Huh?  The Secretary has presided over the most disastrous rollout of a federal program in living memory, the country is currently grappling with the fallout from that failure and other issues posed by the Act, and Senator Brown is channeling his inner Oprah and asking Secretary Sebelius to speculate about a legacy?

In fairness, these kinds of politicized questions aren’t unusual.  As the NPR story also reports, a Republican Senator used his entire allotment of time to make a critical speech, without asking Secretary Sebelius a single question.  What’s the point of having Cabinet officers testify if they aren’t asked questions?

These partisan antics are the kinds of things that drive me nuts about Congress.  There are dozens of entirely legitimate questions to ask Secretary Sebelius about how this landmark statute is working, why the website wasn’t better designed, and other topics of great interest to Americans who are trying to understand why the rollout of “Obamacare” could be so mishandled and what they must do to comply with a complicated statute.  Can’t members of Congress lay aside their party affiliations and their desires to make speeches, even once in a while, actually ask questions that should be answered, and get answers that will help them to decide how we can move forward?

Some Explaining To Do

The House Energy and Commerce Committee has scheduled a hearing on Thursday on the federal government’s health exchange website.  They’ve asked Kathleen Sebelius, the Secretary of the Department of Health and Human Services, the agency that is principally responsible for the website, to testify.  Sebelius has declined, saying she is not available to testify.

It’s not clear to me why Sebelius has declined the request.  The CNN story linked above doesn’t say Sebelius has a conflict on her schedule.  Instead, the HHS spokesperson said:  “Given that the government was shut down until today, we were given a very short timeline to respond to this request.”  Does that mean that the Secretary of HHS needs more than a week to be prepared to answer questions about how the website is working?  If so, perhaps the problems with the website are even more extensive than has been reported.

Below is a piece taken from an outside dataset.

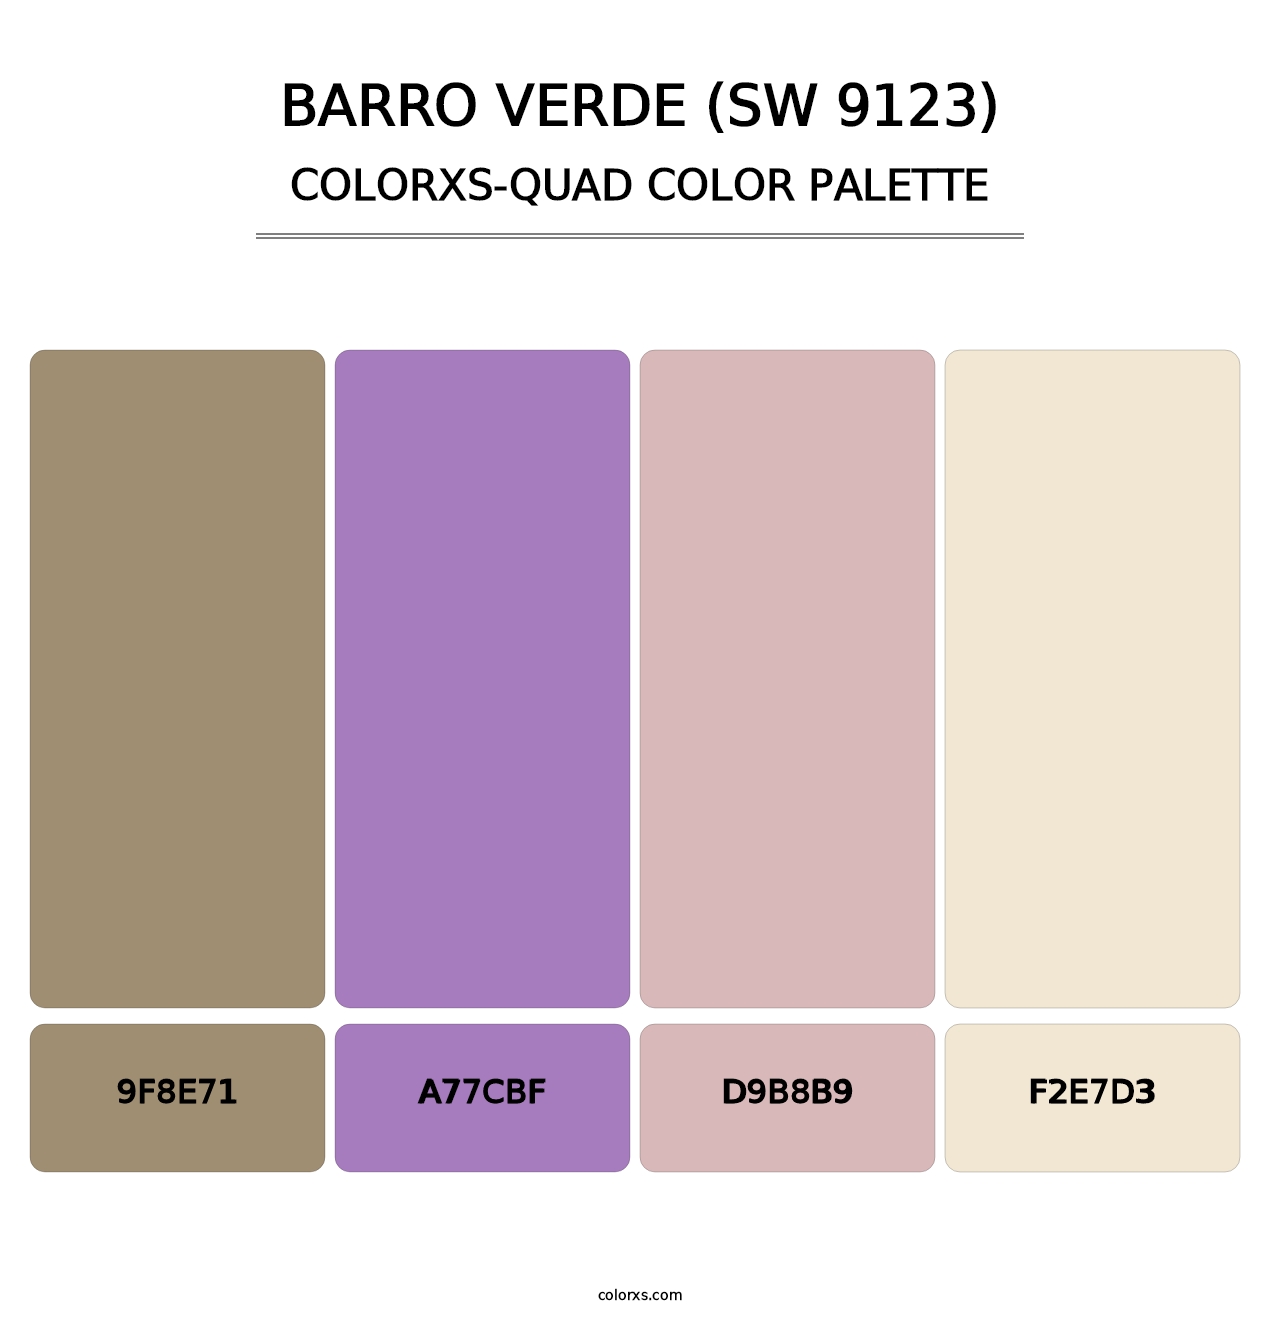 Barro Verde (SW 9123) - Colorxs Quad Palette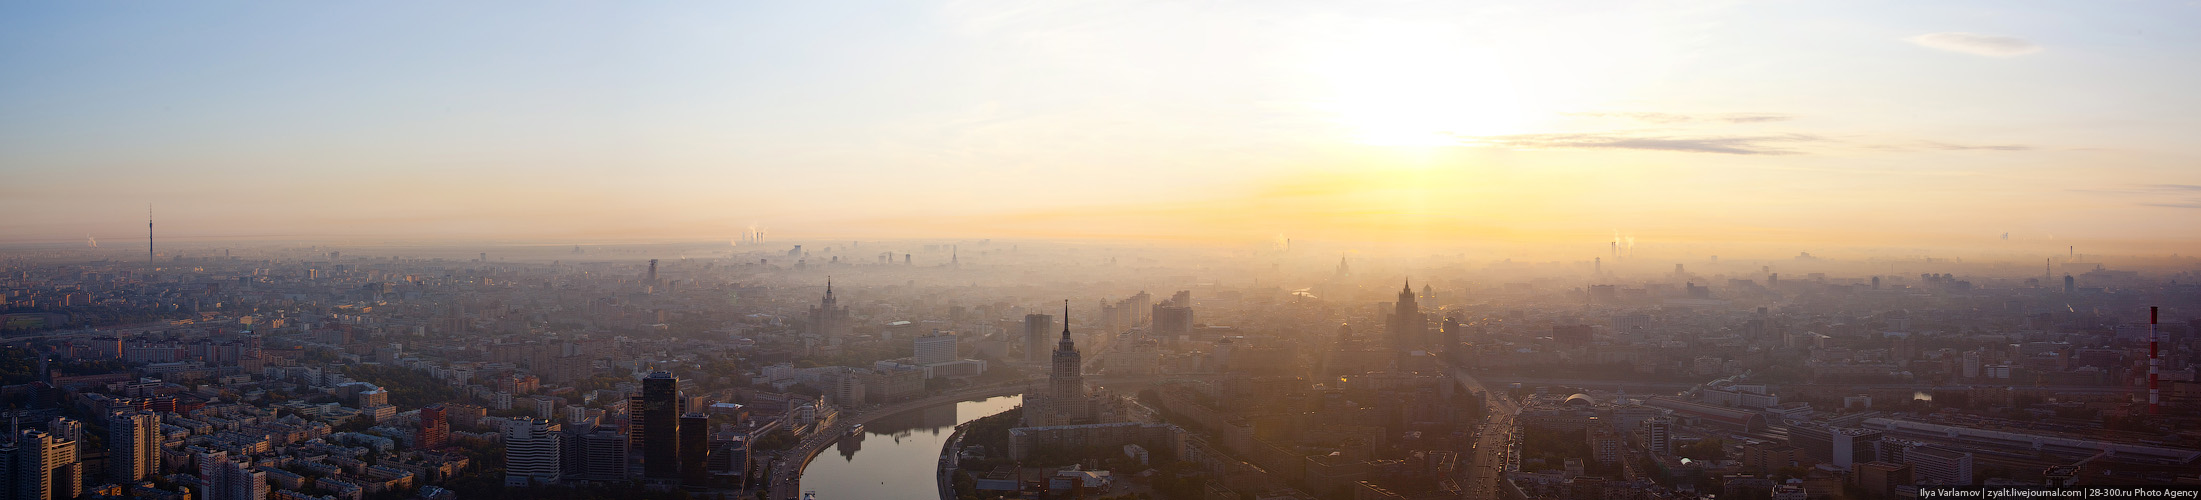 Дневная панорама со смотровой площадки Москва Сити

I hope Sebelius’ response to the request doesn’t mean that the Obama Administration is going to stonewall providing meaningful information about the operations of all of the health exchanges and the status of the enrollment process, and I hope that Sebelius reconsiders her decision and decides to appear.  The websites are a crucial component of the Affordable Care Act, and the federal government has already spent hundreds of millions of dollars on them.  Taxpayers and citizens have a right to know how the system is performing.

In my view, it’s also in the interest of Sebelius and other administration officials to explain what is happening.  If there are problems, identify precisely what they are and describe what is being done to fix them and when the fixes will be completed.  If the enrollment process has some successes to its credit describe what those are.  No doubt friendly members of the House Energy and Commerce Committee will be happy to ask some questions designed to fully elicit the good news, just as diehard opponents of “Obamacare” will be asking tough questions.

As a matter of good government, we should all support requiring administrative officials to promptly testify when Congress calls.  We would all be better off if Congress exercised more oversight over our vast administrative state — from its surveillance programs, to its spending habits, to its error-plagued websites, and beyond — and regularly subjected agency heads to tough questioning about federal programs.  I can’t believe there is anything on Secretary Sebelius’ schedule right now that is more important than appearing before Congress and providing a credible explanation of what is happening with Healthcare.gov and the other health exchange websites.